- Born: September 21, 1961 (age 64)
- Education: Cornell University University of Michigan
- Occupations: Head Coach, Cornell University Sprint Football Chairman, Axcess Sports & Entertainment, LLC Commissioner, United Football League, LLC
- Spouse: Kimberly Huyghue
- Children: 3
- Parent(s): Bruce and Joan Huyghue
- Website: Michael Huyghue

= Michael Huyghue =

American businessman (born 1961)

Michael L. Huyghue (born September 21, 1961; pronounced "hewg") is a sports lawyer and businessman and former commissioner of the United Football League, having served in that capacity since the league's founding in 2007. He was previously a member of the legal department of the NFL Players Association before joining the NFL Management Council. Uniquely positioned from having thus worked on both sides of the player/management relationship, he called for the 2011 NFL labor standoff to be settled by keeping the lawyers for both sides out of the negotiating process.

After the formulation of the World League of American Football, the predecessor of NFL Europa, Huyghue joined the Birmingham Fire as general manager. After the league's demise in 1992, he moved to the Detroit Lions of the National Football League as vice-president, a role he also fulfilled for the expansion Jacksonville Jaguars from 1994 until 2001. Huyghue was also previously a sports agent, managing NFL players such as Adam "Pacman" Jones.

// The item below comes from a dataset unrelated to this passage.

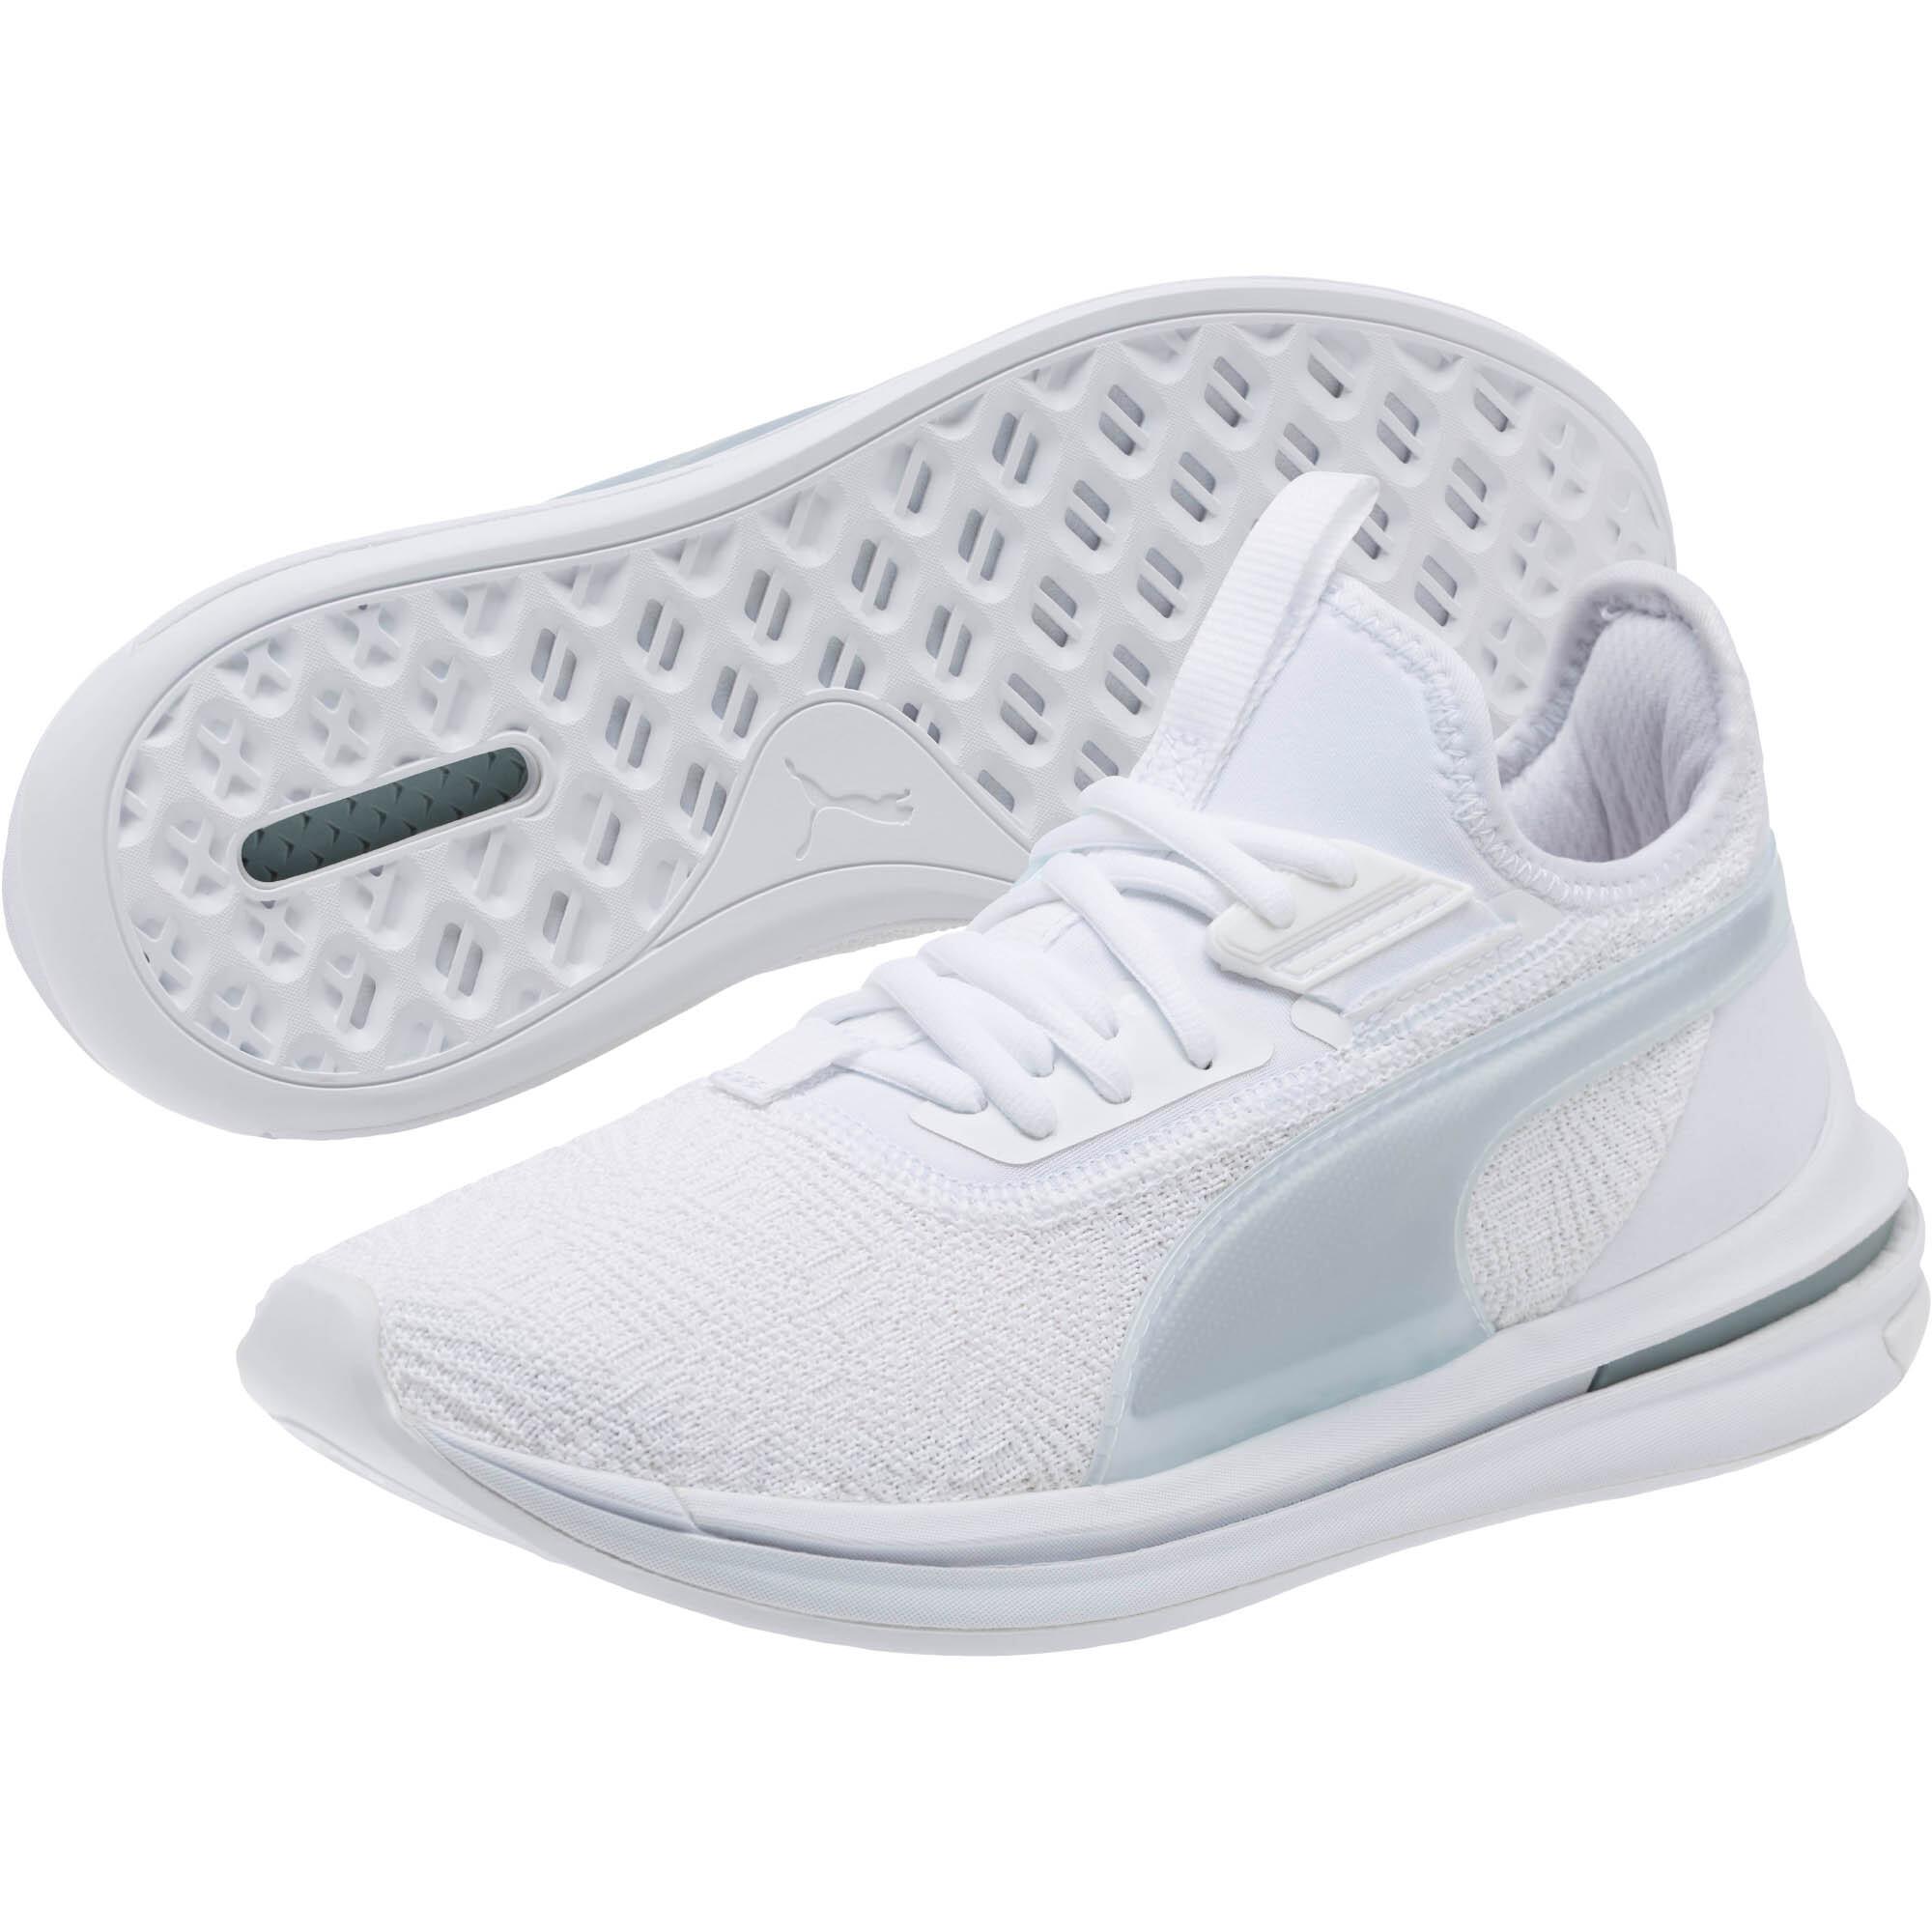 cheap for discount 723e0 96211 Details about PUMA IGNITE Limitless SR-71 Women's Running Shoes Women Shoe  Running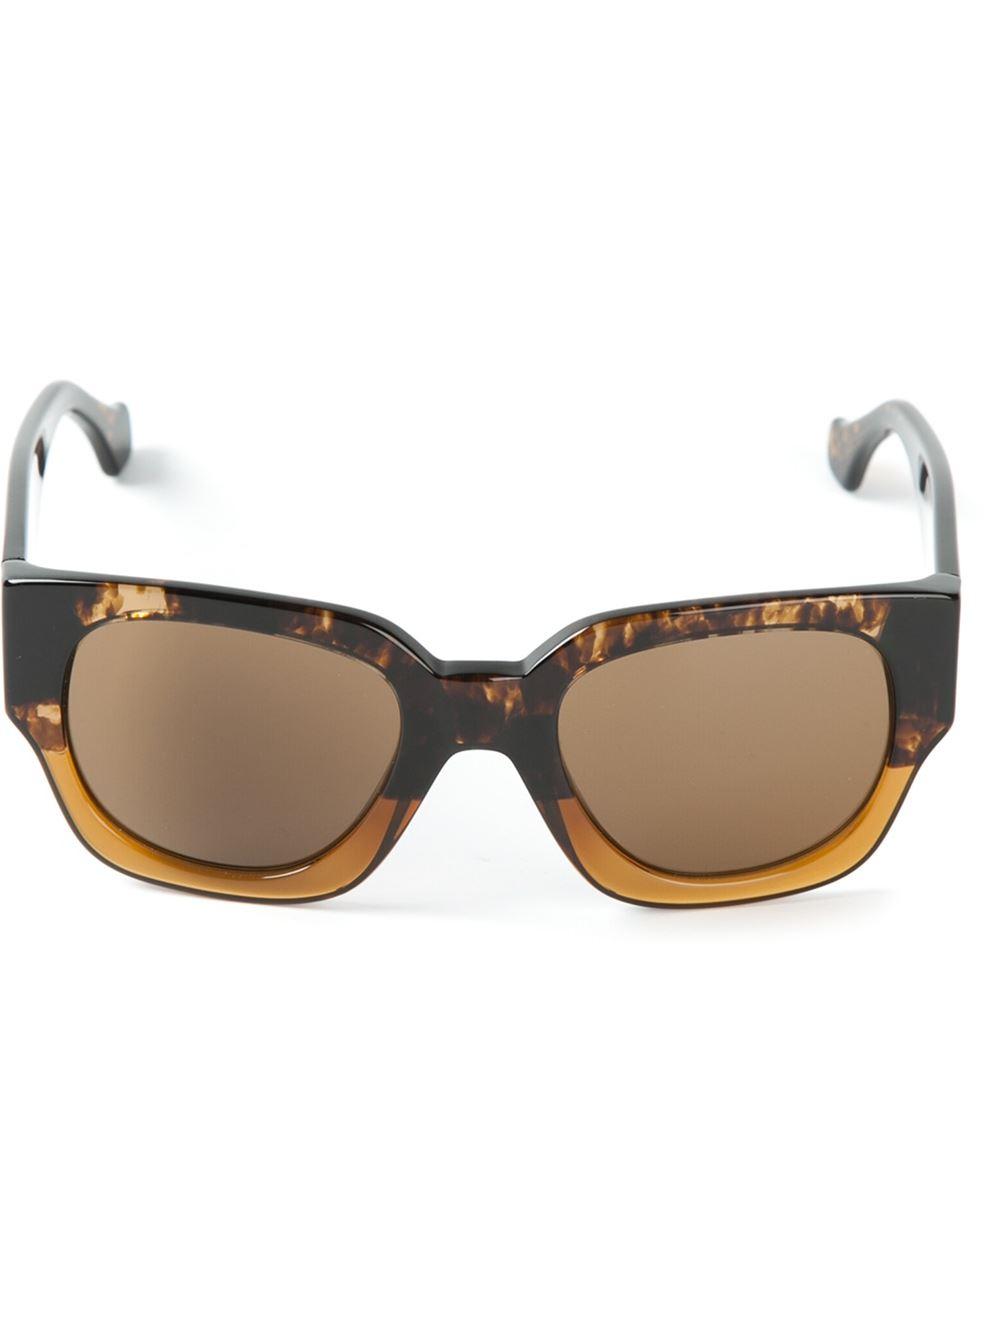 328a5ab073b Lyst - Balenciaga Square Frame Sunglasses in Brown for Men

Huyghue is originally from suburban Hartford, Connecticut, a situation that was a factor in his placing a UFL franchise, the Hartford Colonials, in the area. His family is from St. Thomas, United States Virgin Islands. Huyghue was a three-year football and baseball player while at Cornell University, and received a Juris Doctor degree from the University of Michigan. He now is the Terry Cullen Head Coach of Sprint Football at Cornell University, where he is also a visiting professor at the law school. His expertise is in Sports Law.

==Controversy==

On August 16, 2011, Yahoo! Sports reported that Nevin Shapiro, a former University of Miami booster incarcerated for his role in a $930 million Ponzi scheme, was alleging that he had provided "thousands of impermissible benefits to at least 72 University of Miami athletes from 2002 through 2010." In the article, Shapiro claimed that during his time as a University of Miami booster, he also co-owned a sports agency, Axcess Sports & Entertainment, with Huyghue. Shapiro alleged that he introduced Huyghue to several Miami Hurricanes players, leaving it to Huyghue to provide "his own set of extra benefits to athletes as he saw fit, including cash payments, travel and other inducements." Shapiro "told federal prosecutors that's precisely what Huyghue did, giving multiple illicit benefits, including cash, to several players at Miami."

Huyghue rejected Shapiro's claims. "He's a convicted felon," Huyghue said in the same article. "I just don't want to get into such fantasy. I just wouldn't want to even go down that path. I don't even care what he said. Whatever he could say, there's just no substance to it."

On January 31, 2012, Huyghue resigned as commissioner of the United Football League.